Fields: construct_id, parts, number_of_parts, construct_size, assembly_name, depends_on, used_in, assembly_level.
- compute_construct_data_dict(construct_record)[source]¶
Return a dictionary with infos on a single construct.
fields: construct_id, parts, number_of_parts, construct_size, assembly_name, depends_on, used_in, assembly_level.
- static fragment_part(fragment, mark_reverse=False)[source]¶
Return the name of the fragment, or optionally NAME_r if the fragment is the reverse of another fragment.
- write_report(target, report_writer='default')[source]¶
Write a comprehensive simulation report in a folder or a zip file.
- Parameters:
target – Either a path to a folder, to a zip file, or
"@memory"
to write into a virtual zip file whose raw data is then returned.report_writer – Either the “default” or any AssemblyReportWriter instance.
- Returns:
binary zip data (if target=”@memory”) else None.
- Return type:
zip_data
Report Writer¶
- class dnacauldron.AssemblyReportWriter(include_fragment_plots='on_error', include_part_plots='on_error', include_mix_graphs='on_error', include_part_records=True, include_assembly_plots=False, show_overhangs_in_graph=True, annotate_parts_homologies=True, include_errors_spreadsheet=True, include_warnings_spreadsheet=True, include_pdf_report=False)[source]¶
Class to configure assembly simulation report writing.
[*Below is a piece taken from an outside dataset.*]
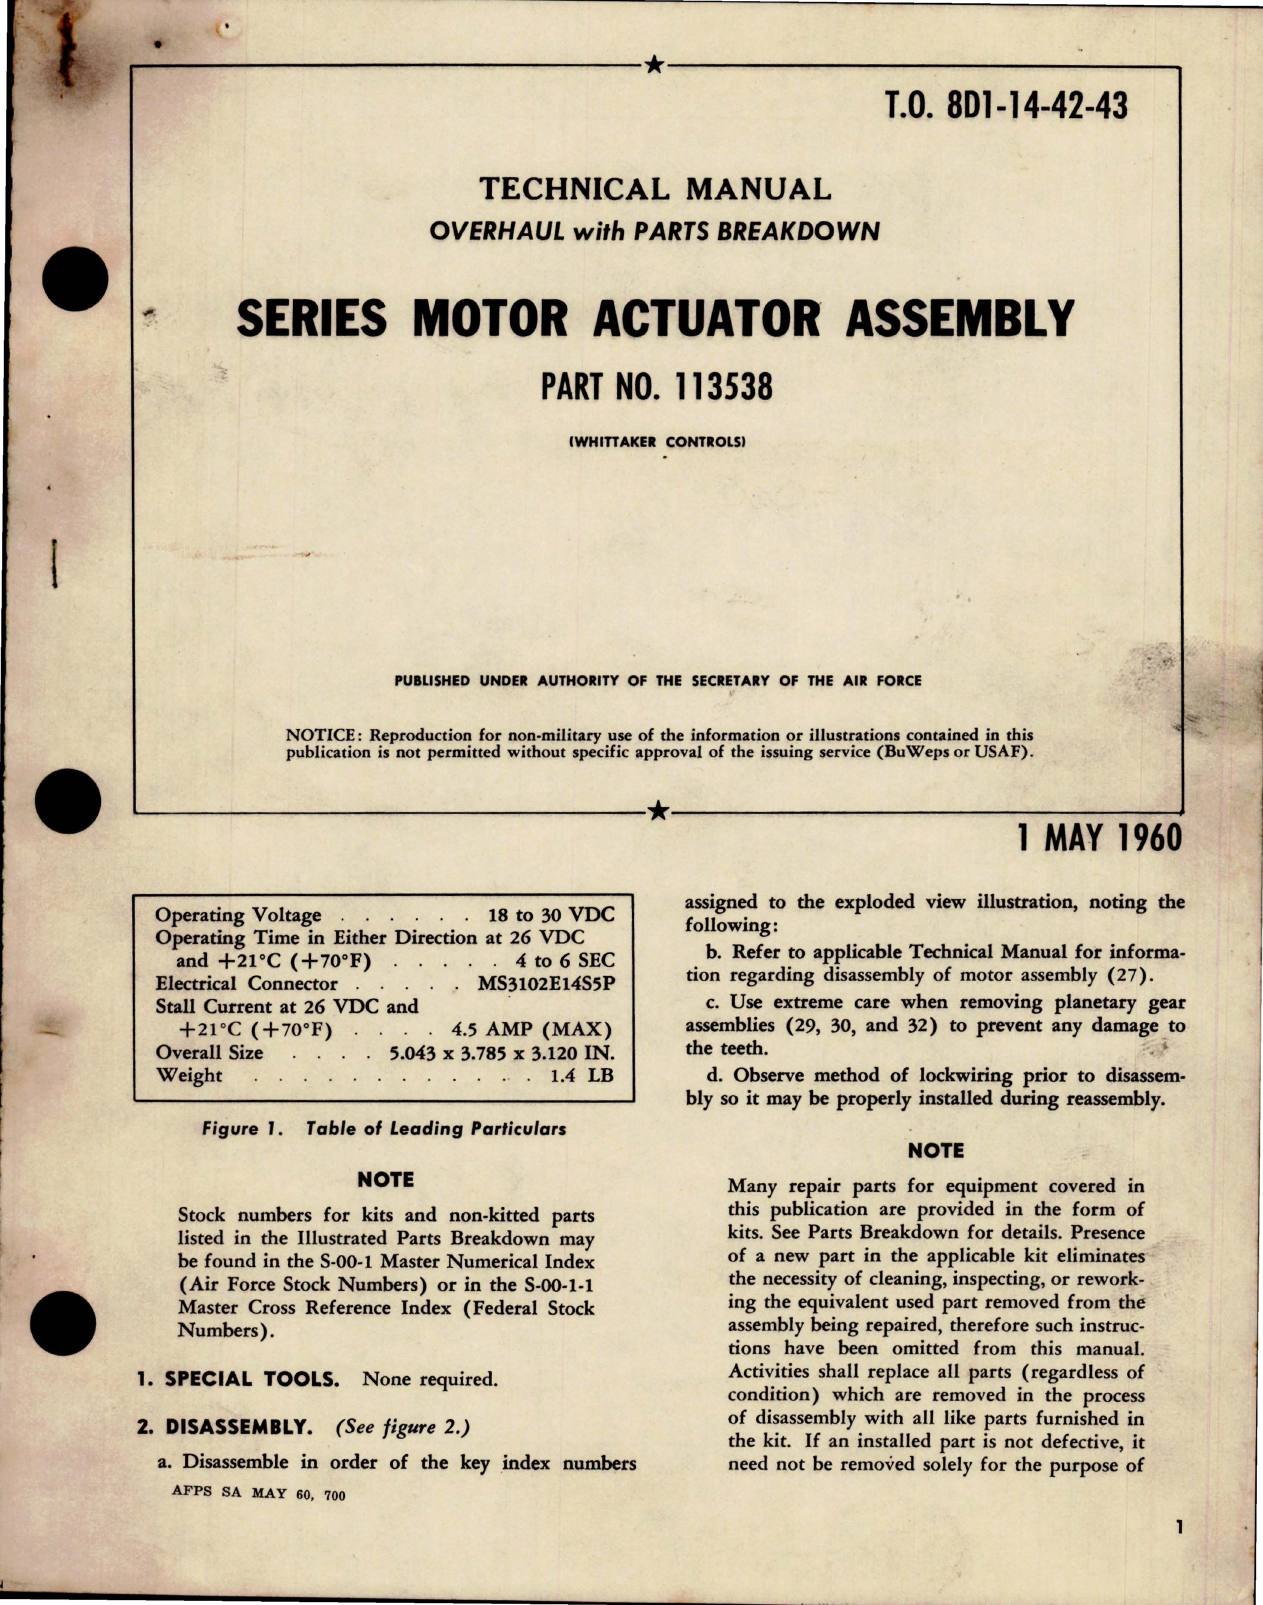 Sample page 1 from AirCorps Library document: Overhaul with Parts Breakdown for Series Motor Actuator Assembly - Part 113538

Responsible for writing the final sequence(s) of the assembly in Genbank format as well as a .csv report on all assemblies produced and PDF figures to allow a quick overview or diagnostic.
Folder
assemblies
contains the final assemblies,assembly_graph
contains a schematic view of how the parts assemble together, folderfragments
contains the details of all fragments produced by the enzyme digestion, and folderprovided_parts
contains the original input (genbanks of all parts provided for the assembly mix).- Parameters:
include_fragment_plots – Either True/False/”on_error” to plot schemas of the fragments used in the different AssemblyMix throughout the simulation.
include_part_plots – Either True/False/”on_error” to plot schemas of the parts used, possibly with restriction sites relevant to the AssemblyMix.
include_mix_graphs – Either True/False/”on_error” to plot representations of fragment connectivity in the AssemblyMix created during the simulation.
include_part_records – True/False to include the parts records in the simulation results (makes for larger folders and zips, but is better for traceability).
include_assembly_plots – True/False to include assembly schemas in the reports (makes the report generation slower, but makes it easier to check assemblies at a glance).
show_overhangs_in_graph – If true, the AssemblyMix graph representations will display the sequence of all fragment overhangs.
include_errors_spreadsheet – If true and there are errors, an errors spreadsheet will be added to the report.
include_warnings_spreadsheet – If true and there are warnings, a warnings spreadsheet will be added to the report.
include_pdf_report – If true, a PDF report file is also generated.
Homologies¶
- class dnacauldron.HomologyChecker(min_size=15, max_size=80, min_tm=0, max_tm=None, max_distance=0)[source]¶
- check_homology(sequence, other_sequence=None)[source]¶
Return whether there is an acceptable full-sequence homology between two sequences.